Die sieben Smartphone-Sünden

Für die Untersuchung wurden aus 37 Testpersonen zwei Gruppen gebildet. Über einen Zeitraum von zehn Tagen sollten 26 Versuchspersonen ein Smartphone verwenden, die übrigen Teilnehmer bekamen ein normales Handy ohne Touchscreen. Im Anschluss wurden mit Elektroden die Hirnströme der Probanden gemessen, während die Fingerkuppen gereizt wurden.

Bei den Smartphone-Nutzern stellten die Forscher eine deutlich veränderte Gehirnaktivität fest, wenn Daumen, Zeige- und Mittelfinger berührt wurden. Konkret zeigten sich Veränderungen im sogenannten somatosensorischen Cortex: Dieses Areal ist dafür zuständig, die Signale aller Körperbereiche zu verarbeiten - also auch die der Finger.

Veränderungen in diesen Hirnbereichen kennt man etwa von geübten Geigenspielern: Hier ist das Areal, das für den instrumentführenden Finger verantwortlich ist, stärker ausgeprägt. Die schnellen und präzisen Bewegungen von Daumen, Zeige- und Mittelfinger  prägten sich offenbar ähnlich ein wie das Üben eines Geigenspielers.

Gosh und sein Team wollten nun herausfinden, ob sich eine solche Veränderung auch bei Smartphone-Nutzern ausprägt. Und tatsächlich konnten die Wissenschaftler in ihrem Versuchsaufbau zeigen, dass die Areale, die für die Bewegungen von Daumen, Zeige- und Mittelfinger zuständig sind, aktiver sind als bei Nutzern herkömmlicher Handys.

Der Daumen reagiert am heftigsten

Auch die Häufigkeit der Smartphone-Nutzung hat Auswirkungen: Hier sind die Hirnaktivitäten noch stärker gesteigert.
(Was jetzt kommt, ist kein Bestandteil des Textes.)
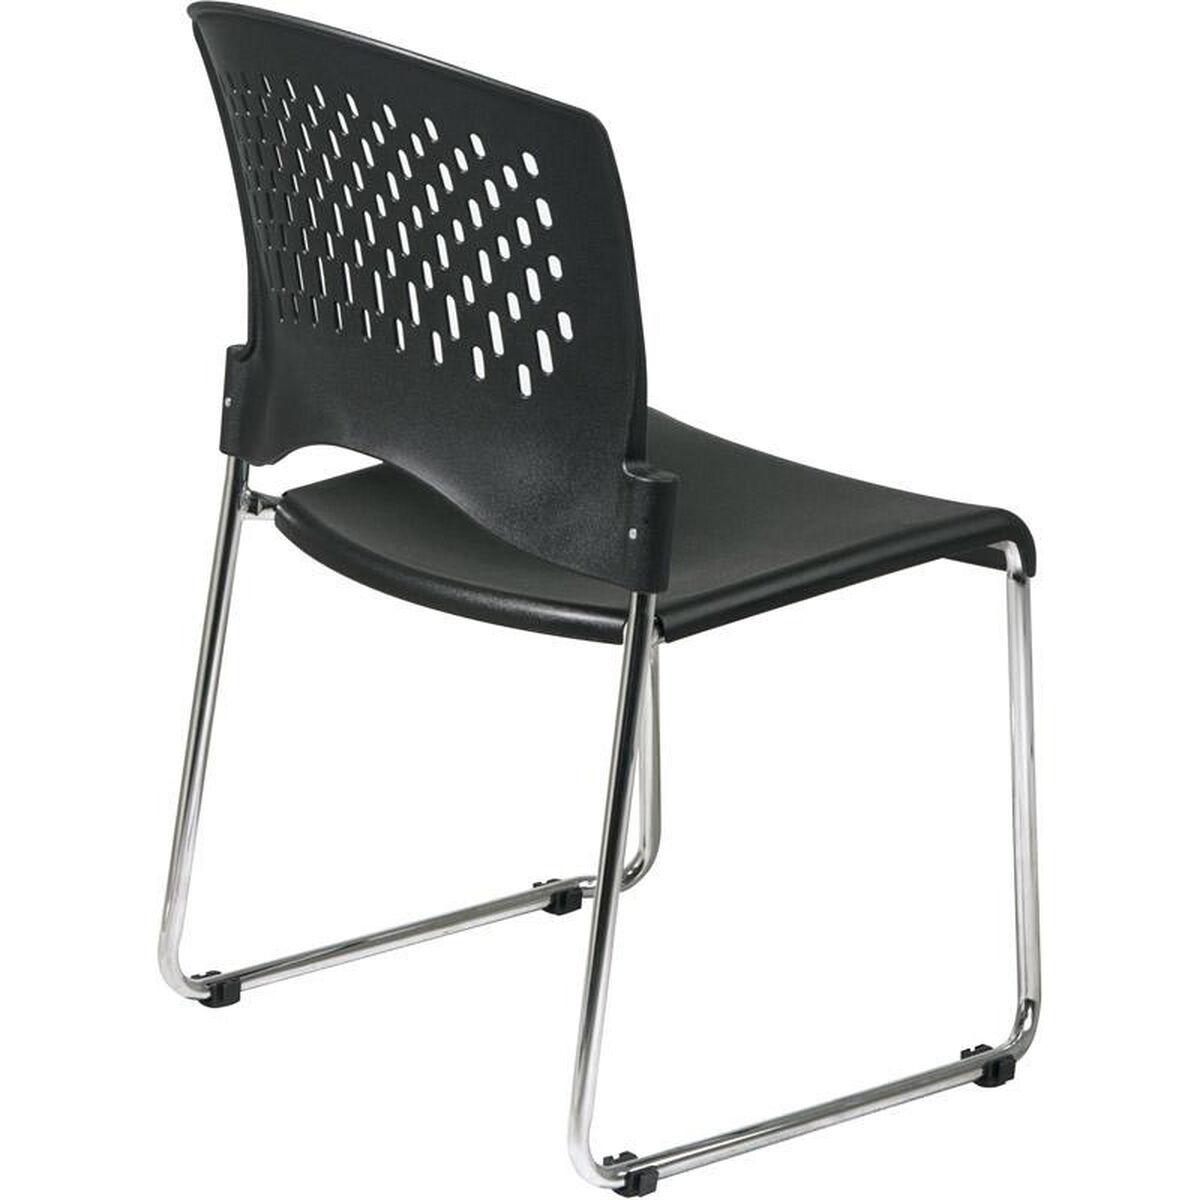 work smart chrome frame sled base stack chair with plastic seat and back set of 2 black. Black Bedroom Furniture Sets. Home Design Ideas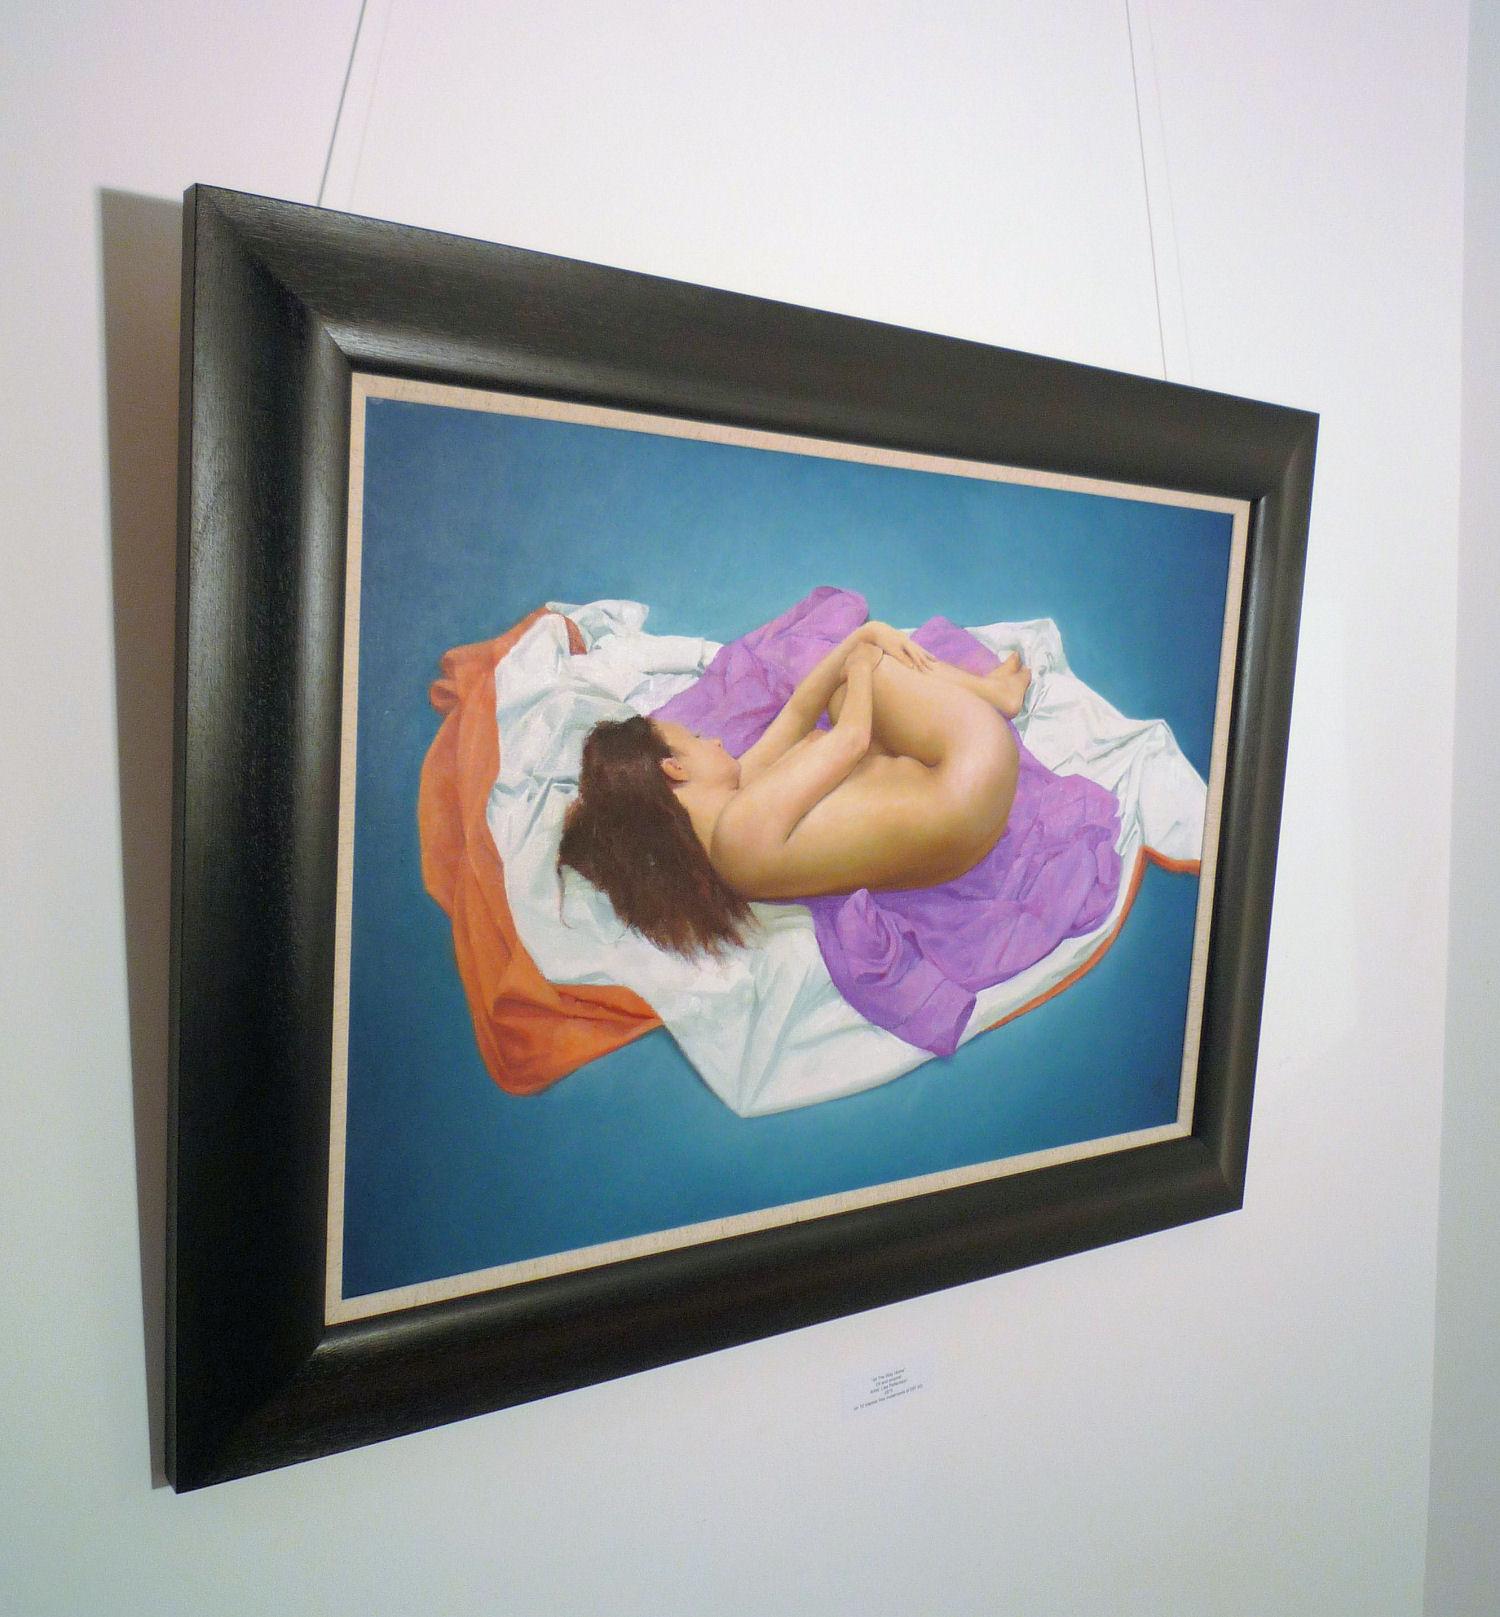 'Reclining Figure' by artist Stuart Sim

Je intensiver die Probanden ihr Smartphone im Zehn-Tages-Zeitraum nutzten, desto stärker waren auch die messbaren Hirnsignale. Dabei habe es auch keine Rolle gespielt, wie lange die Versuchspersonen zuvor bereits ein Smartphone besessen hätten.

Dies sei ein Unterschied zu den Gehirnveränderungen, die man bei Violinisten kennt: Bei Letzteren hängt die Signalstärke davon ab, wie lange sie das Instrument schon spielen. Am deutlichsten zeigte sich der Zusammenhang beim Daumen und dem zugehörigen Hirnbereich. Je kürzer die letzte Smartphone-Nutzung zurücklag, umso stärker ließ sich das zuständige Gehirnareal durch eine Reizung der Daumenspitze aktivieren.  

In einer Mitteilung zur Veröffentlichung der Studie teilte Ghosh mit, das Ausmaß der Veränderungen sei unerwartet hoch gewesen: "Die digitale Technik, die wir im Alltag nutzen, prägt die Sinnesverarbeitung in unserem Gehirn. Vom Ausmaß der Unterschiede war ich wirklich überrascht." Welche Mechanismen genau dahinterstecken, soll nun weiter erforscht werden.